Haberde şöyle deniyor:
"Filistinlilerin, tanınma talebini Genel Kurul'a getirmeleri halinde istedikleri sonucu alacakları anlaşılıyor. Ancak Birleşmiş Milletler'e tam üyelik Güvenlik Konseyi'nin onayını gerektiriyor ve Amerika Birleşik Devletleri geçen hafta bunu veto edeceğini doğruladı. "
"Bu durumda Filistinliler "gözlemci devlet" statüsü isteyebilirler. Bu tam üyeliğin gerisinde ama "gözlemci entite"nin ilerisinde bir statü.
"Veto kartını kullanarak Arapları öfkelendirmekten çekinen Amerika, tarafları müzakere masasına döndürme çabası içinde. Bunu Avrupa Birliği de destekliyor. Avrupa Birliği dışişleri bakanları bugün Brüksel'de bir araya gelerek Filistin devleti konusunda ortak tutum belirlemeye çalışacak."
"İngiltere ve Fransa, 1967 öncesindeki sınırları temel alan müzakereleri tercih edeceklerini söylüyor ama bunun sağlanamaması durumunda Filistinlilerin statüsünün yükseltilmesine destek verebileceklerini ima ediyor. Almanya'nın Filistin planına karşı olduğu düşünülüyor ama Merkel, tercihlerini şimdilik açıklamayacaklarını söylüyor."
‘ABD'den Taliban temsilciliğine izin'
Times manşetindeki özel haberinde, 11 Eylül saldırılarının ve Afganistan'ın işgalinden 10 yıl sonra Amerika Birleşik Devletleri'nin Taliban'ın bu yılın sonuna kadar Katar'da temsilcilik açmasına onay verdiğini yazıyor.

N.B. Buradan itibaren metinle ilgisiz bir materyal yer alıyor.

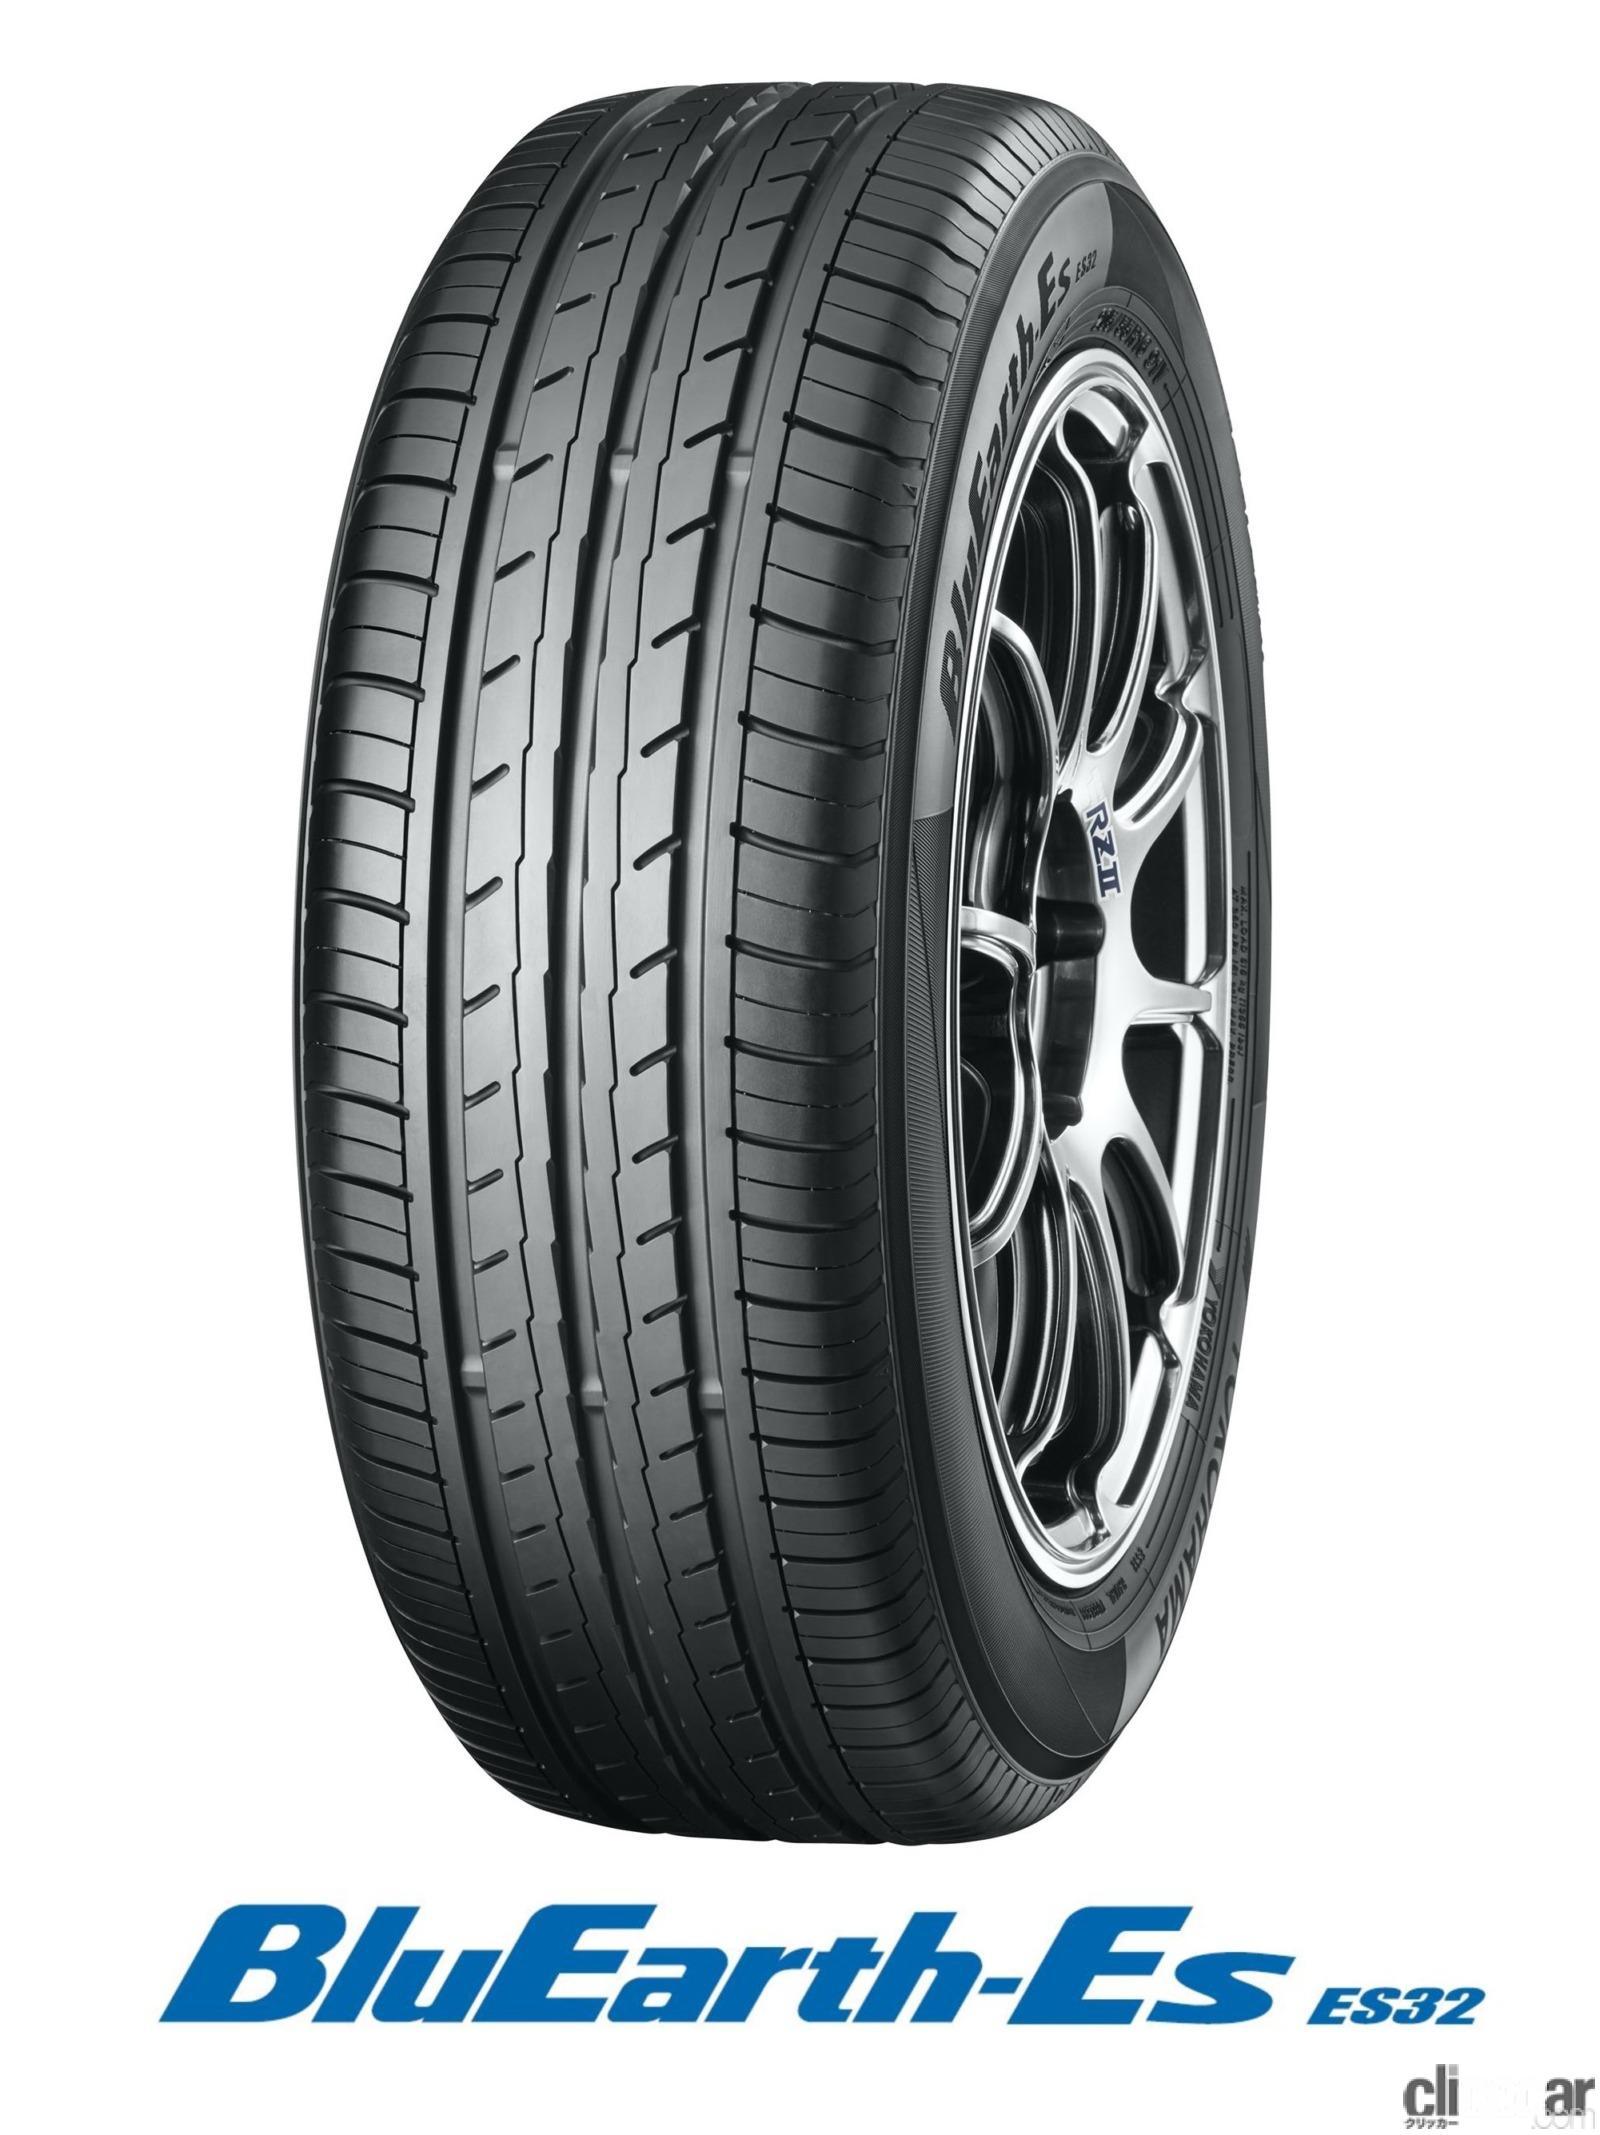 YOKOHAMAの「BluEarth-Es ES32」は、低燃費性能やウェットグリップ性能を磨き上げた8年ぶりの新タイヤ

Times, bu adımın Batı'nın Taliban'la masaya oturmasına zemin hazırlayacağını belirtiyor.
Habere göre, ABD'nin Pakistan'ın nüfuz alanı dışında bir yerde olmasında ısrar etmesi üzerine, Katar Taliban temsilciliğine izin vermeyi kabul etti.
Batılı bir diplomata göre, Katar'daki büro bir büyükelçilik ya da konsolosluk statüsünde olmayacak ama Taliban burada siyasi parti muamelesi görecek.